Professor Ashley B. Armstrong presented at the Legal Writing Institute’s Teacher Training Bootcamp 2.0, a virtual workshop hosted by Stetson University focused on second-semester 1L persuasive legal writing. She shared an exercise designed to help students craft clear, impactful preliminary statements.
To mark the Nuremberg trial's 80th anniversary, Professor John Q. Barrett gave a lecture on Justice Robert H. Jackson through the Supreme Court Historical Society. As a trustee of the Franklin D. Roosevelt Presidential Library and Museum, he assisted in presenting the Roosevelt Institute’s 2025 Freedom from Fear medal to Dr. Simon Adams, President and CEO of the Center for Victims of Torture. Professor Barrett was the principal speaker at a U.S. District Court for the Western District of Pennsylvania program and reenactment titled Trial of the Twentieth Century: The 1935-1937 Tax Trial of Andrew W. Mellon in the Western District of Pennsylvania.
As part of its MLK Celebration, the Office of Equity and Inclusion at St. John’s University honored Professor Noa Ben-Asher for their work on advancing justice and expanding opportunity.
For a recent webinar hosted by the Federal Bar Association and myLawCLE, Professor Robin Boyle-Laisure and Heather Gram, Teaching Professor at Wake Forest School of Law, discussed The Art of Clear Legal Writing: Advanced Tools for Structuring Arguments and Drafting Contracts without Ambiguity.
Professor Miriam Cherry spoke at the Annual NYU Conference on Labor and Employment Law on Executive Orders and Disparate Impact Litigation. She presented her work on a hybrid employment category for digital platform workers at the Regulating for Decent Work Conference at the United Nations – International Labor Office in Geneva, Switzerland.
At Touro Law Center’s 36th Annual Honorable Leon D. Lazar Supreme Court Review, Professor Catherine Baylin Duryea addressed key developments in administrative law, including the regulatory ban on ghost guns, the future of independent agencies, and the distinction between principal and inferior officers.
Professors Elissa Germaine and Christine Lazaro participated in Practising Law Institute’s annual program, Securities Arbitration 2025. Professor Germaine presented on the panel Staying Ahead of the Curve: Hot Topics and Future Trends and contributed an article titled “Securities Arbitration Case Law Update 2024–2025.” As a panelist, Professor Lazaro offered insights on Avoiding Ethical Mine Fields in the FINRA Forum and contributed a short article, “Ethical Considerations When Using Social Media in Securities Arbitration Cases.”
The Supreme Court Fellows Commission appointed Dean Jelani Jefferson Exum to serve on the Academic Advisory Board for the Supreme Court Fellows Program during the October 2025 Term. In this role, she provides scholarly and professional guidance to a Supreme Court Fellow assigned to conduct research at the U.S. Sentencing Commission.
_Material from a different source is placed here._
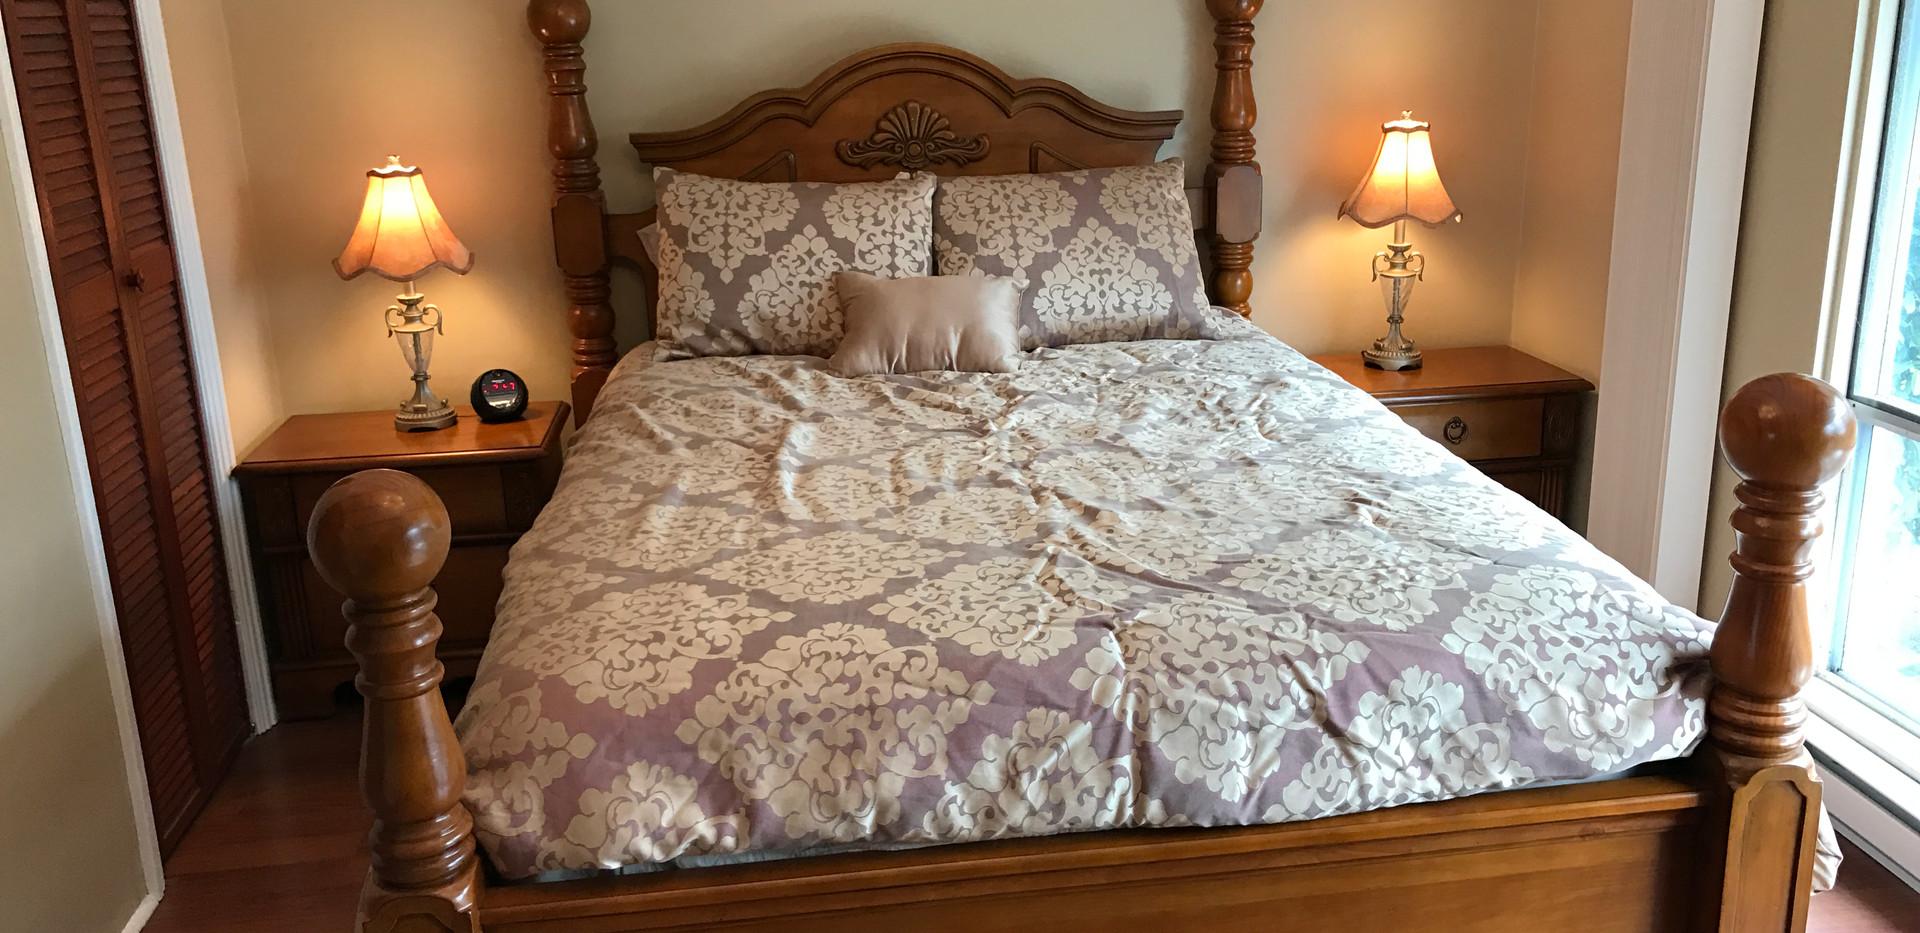 #4 Hyacinth Bedroom #1 .JPG

Professor Kate Klonick spoke at McGill Law School’s Attention conference on the Perilous Free Speech Environment. She presented her paper, “Ban Cookie Banners,” at Berkeley Law School, served as a discussant at Northwestern Law School’s STEM and Law conference, and was a speaker at the Mozilla Festival in Barcelona, Spain.
Professor Mark Movsesian was a Discussion Leader at a conference titled The Constitution of Practice: On Law and Tradition hosted by the Georgetown Center for the Constitution. He spoke about incorporation of the First Amendment’s Religion Clauses at 80 Years of Religious Liberty, a two-part conference at the University of Seoul and Doshisha University (Kyoto).
Professor Colleen Parker moderated a student well-being panel for the Tri-State Well-Being Consortium and co-presented with Professor Robin Boyle-Laisure at the Nassau County Bar Association on ethical issues related to artificial intelligence.
Professor Jeremy Sheff spoke on a panel addressing Discretionary Denial and the Court-PTAB Standoff organized by the Hon. William C. Conner Inn of Court.
Professor Michael A. Simons was a featured presenter at a AALS symposium on Impact, Excellence, Resilience: Contemporary Views on Pioneering Legal Education Scholarship. Sponsored by UC Irvine School of Law and New York Law School, the symposium invited contemporary scholars to reflect on some of the most critical scholarship that has appeared in the Journal of Legal Education.
As a panelist at the University of Pennsylvania Law Review’s symposium on The Future of Law and Multiracial Democracy, Professor Cheryl L. Wade discussed the future of corporate diversity, equity, and inclusion programs. She also participated in a UCLA School of Law symposium marking 25 Years of Critical Race Studies, serving on a panel titled Sound as Legal Resistance: Hip-Hop’s Role in Critical Race Theory’s Future.